Hands down, one of the most useful layman texts I’ve read all year, perhaps the past 3 years. “Dark Data”, written by British statistician David Hand, discusses one of the least well-understood/talked about subject matters in the data-analysis process flow, dealing with missing data. Why this is the case is not exactly clear, but it probably comes down to two reasons: One, the rapidity of work expected from data scientists, not only in executing their scripts, writing code, implementing algorithms, but overall in gaining the valuable “insights” for the company. Thus, when tasked to quickly build a predictive model that could serve as an engine for some scoring process, the focus is often on the “traditional” machine learning development: the test-train-validation loop, and then the subsequent report or implement into production deliverables. Two, the complexity of the topic of missingness (more on that later).
What is often less focused on either by the team, or the client, in these fast-paced projects, is on the nature of the data itself. That is, how was it produced, what does that production imply about the nature of the data- it’s fidelity, and of course, what information is missing from this data. Classical statistical processes of yesteryear would have been very methodical along these lines, but of course statistical consulting was even more bespoke 2 or 3 decades past than it was today , and thus, afforded a more leisurely pace towards it’s analyst. Not so, in modern data science projects, which are often measured in weeks between significant deliverables.
So the “missingness” of data is often pigeonholed into some process to be dumped into a (often blackbox) algorithm, or simple business logics to quickly sieve out offending columns or rows (if it’s tabular/rectangular) etc. Thus, the art of really taking time to understand your data is quickly becoming lost to the current spate of data science analysts and practitioners, in a field that is itself increasingly becoming more abstract, and is emphasizing the “common sense” human intuitions that underlie the kind of analysis described in this text.
Besides the expediency, and with respect to the complexity of missigness, there are actually many different ways one’s data can suffer from missingness.

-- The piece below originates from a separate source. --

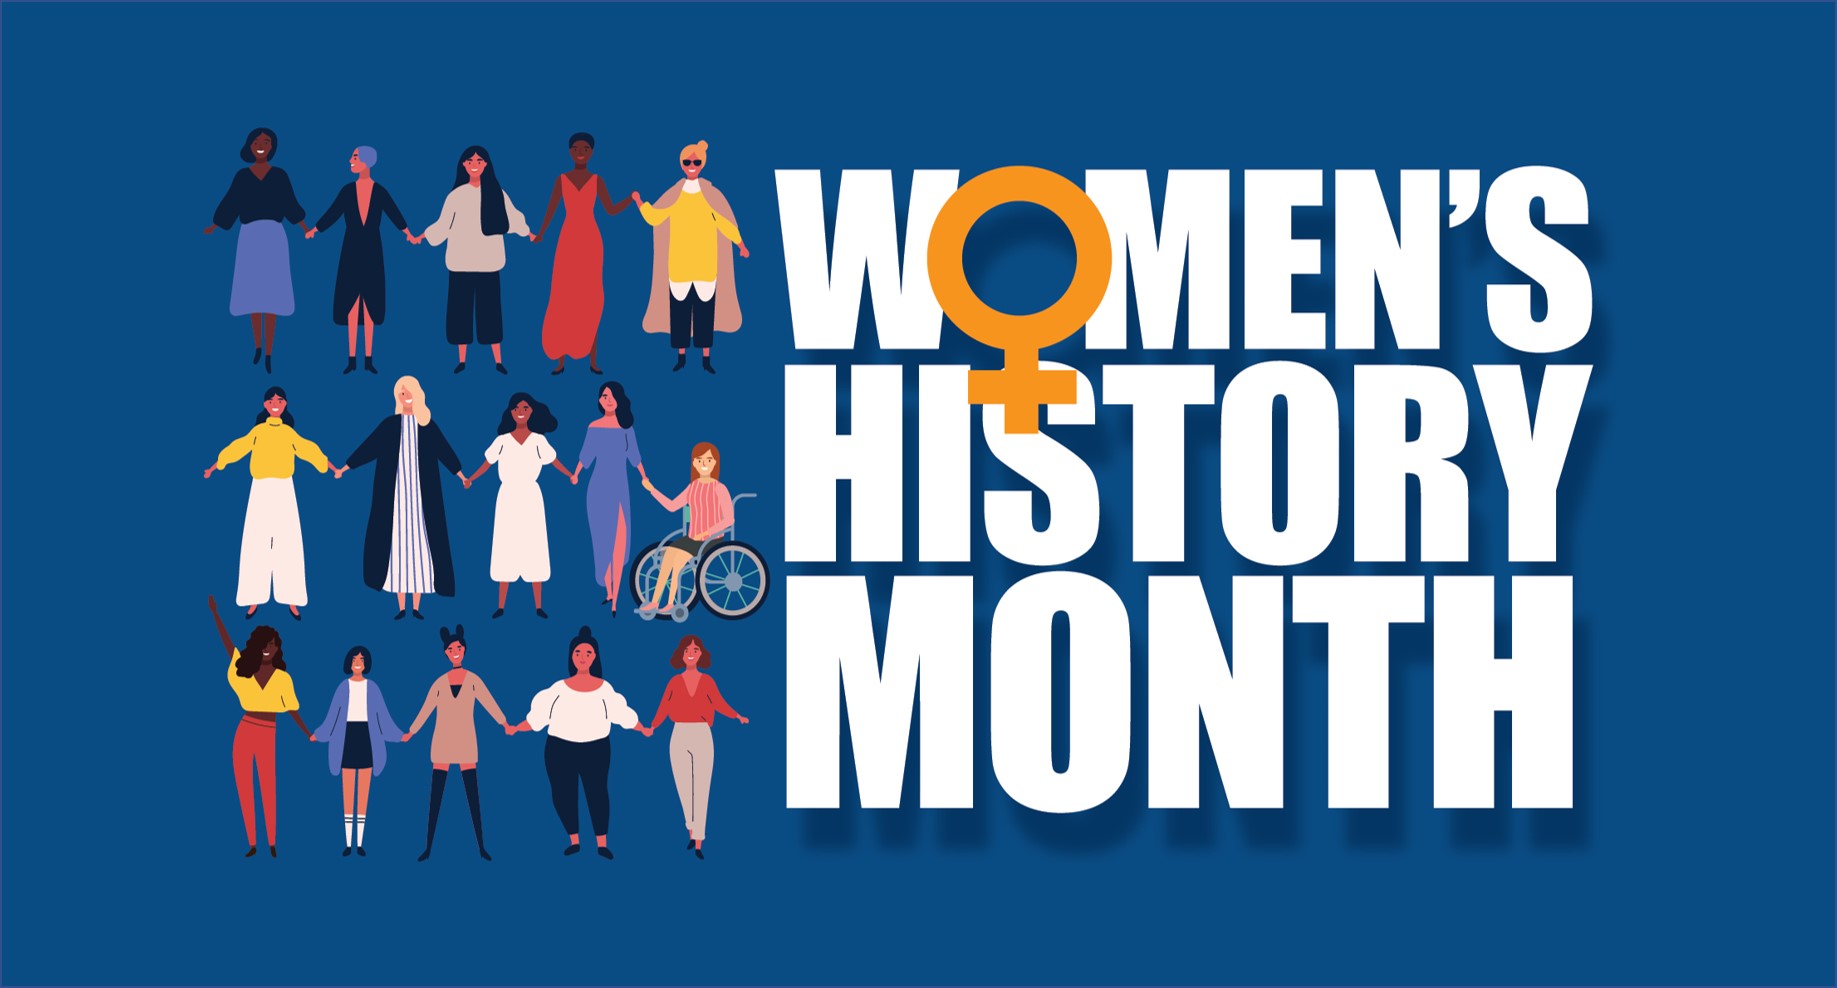 Image with text - women's history month

In fact, that’s why this book is a great layman intro to the topic, as the author has outlined a nice, compact system to think about the nature of missing data, and provide starting threads of analysis one can engage in to drill down on that missingness to inform the eventual ameliorating solution.
The author’s system takes the form of a simple typology, a list of 15 different kinds of missing data, which collectively form the definition of “Dark Data”. The types range from self-selection, knowing what’s missing, knowing what’s not missing, missing data that may be time-dependent, to purposefully missing (gaming or adversarial behavior), and many others. Each type in the list gets at least one section of commentary, and an illustrative example. The first few on the list (knowing when something is or is not missing or not knowing it), provides the perfunctory commentary on the traditional typology of missingness that one may have encountered in statistical texts, missing at random (MAR), missing not at random (MNAR) etc., and this material can easily be gotten freely on the net if not encountered in class. However, from there, the real value of the text becomes more apparent, with in-depth discussions from a range of historical case-studies from history (polling during FDRs reelection campaign), another may discuss issues with experimentation, specifically the randomized control trial (RCT), like differential dropout rates, and what that may imply for analysis. In a way, a student inherits the “folklore” of motivating examples from statistics, both well-known and little-known.
Overall, I really liked the book. It isn’t a textbook, it is an introduction, and as mentioned previously, a well-needed one. If there was a weak section in the book, I think it would have to be the chapter dealing with fraud and dark data, I just didn't feel it fit as naturally with the other chapter. I think this should be on the reading list for every introductory and intermediate data scientist, and even old-hands would get some use (I think) from a guided retrospection on these topics and ways to deal with them. Highly recommended.